Here's a list of what stays in my OSV year-round, other than the items already covered. Weed out what you don't want to haul around. Most can be stowed in storage areas you already have. Others may require a container of some type.

Extra key(s) secured outside the vehicle - PM me for an easily accessible location
Engine coolant
Quart of oil
"Tire Buddy" - Device that deflates a tire to a set PSI
Jumper cables
WD-40
Small assortment of hand tools for quick fixes
Spare fuses (ever have the fuse in the fwd actuating circuit go out? It happens)
ABC rated fire extinguisher - 10# size
Window cleaner & paper towels
Insect repellant
Stinging/biting insect/stinging sea creature treatment - Helps prevent shock
Sun block
Lip balme
Hand Cleaner
Baby powder - shake some on your feet, then wipe it AND the sand off - it works!
Spray bottle with tap water - good to cool down with and spray on a reel/rod when (not if) it gets dunked or lands in the sand
Trash bags
Hat
Blanket
Sweatshirt 
Rain gear
Leather gloves
Spare glasses and spare sunglasses

If you have the room:
Small folding table
Small shade umbrella
Stow-able folding chairs


----------



## fyremanjef (Feb 17, 2005)

I have one of those air compressor/jumpstarter things. Its good for about a dozen or so jumps and the air compresessor is awesome. The other day I helped a buddy with a flat, he has a big arse pick up and large tires and it was on the rim. The seal wasnt broken, but after about 15 min it was up and ready to go. I also have a tire plug kit and a can of fix a flat (as a last resort), but hey it beats being stuck on the beach. Especially if you have 2 flats. 

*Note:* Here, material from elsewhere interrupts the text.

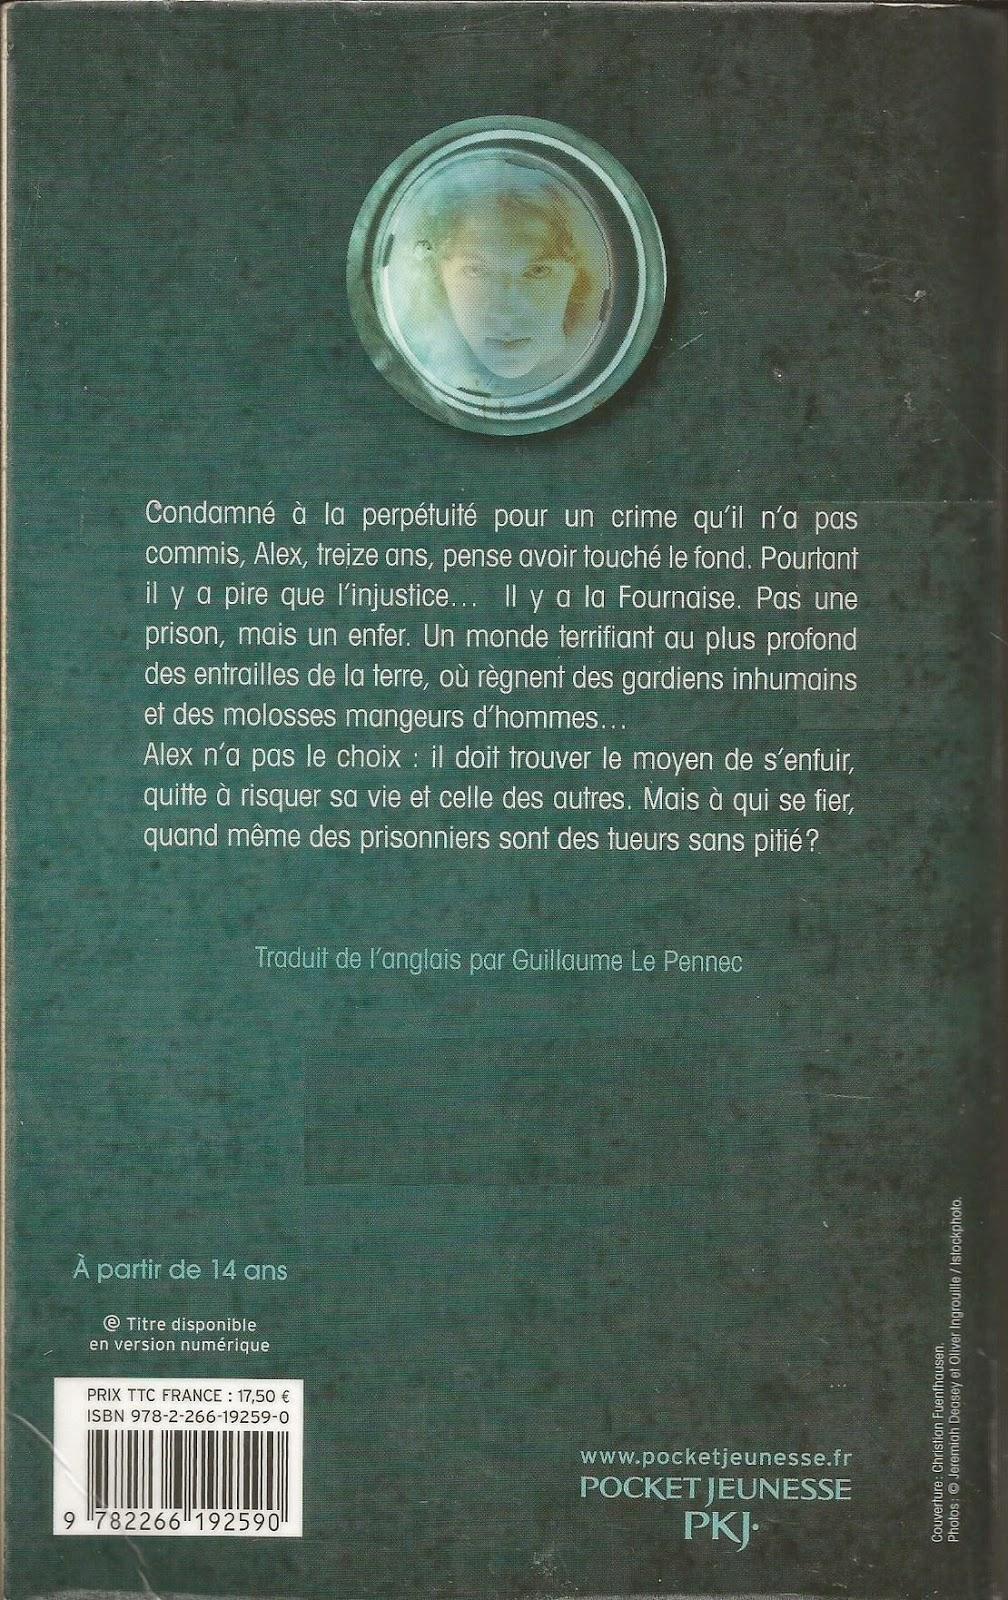 La Fournaise Alexander Gordon Smith back cover quatrième de couverture

I also picked up a hand held cb radio. Even got the extra antena so if I have a problem, and my cell doesnt work, I can call or scream for help. 

A first aid kit.


I also take a spare set of cothes shoes and socks incase one set gets wet/fishy etc.

Good Luck and Enjoy!


----------



## squalus (Sep 26, 2007)

Window Cleaner and Paper Towels was an excellent suggestion - could have used those last year at the point with the wind blowing that salt spray all over...

One thing I didn't see mentioned that I stow away is two 4' x 15" lengths of carpet to use for traction - just in case. I keep them rolled up under one of the back seats in my Explorer. They come in handy for winter, too.


----------



## TreednNC (Jul 1, 2005)

Buckets


----------



## Amphib (Jan 8, 2008)

A Military E-Tool (folding shovel) is small and comes in a case is also a good to have item doesn't take up a lot of room.


----------



## Centralpafish (Jul 5, 2007)

*Safety Equipment List*

Thanks for all the input. I think I have a fairly comprehensive list of equipment. Never forget to pack extra trash bags and a bucket or two-thanks Treed.

Essential Equipment:
-First Aid Kit
-Fire Extinguisher
-Air Presure guage or two
-Jack
-Jack Platform
-Shovel
-Tow straps, rope or chain
-Road Flares (or equivalent)
-Spare tire
-Jumper cables (or equivalent)
-Flash light
-TRASH BAGS

Should also have
-Engine coolant
-quart of oil
-WD-40
-Small tool box
-Windshield Cleaner
-Paper towels
-Insect pepellant
-Carpet pieces
-potable water
-DON'T FORGET THE TRASH BAGS
-BUCKETS

Nice to have
-change of clothes
-sun block
-baby powder
-hat
-rain gear

That's about what I came up with based on your input. If I missed anything please let me know. Please remember to take TRASH BAGS and a BUCKET or two.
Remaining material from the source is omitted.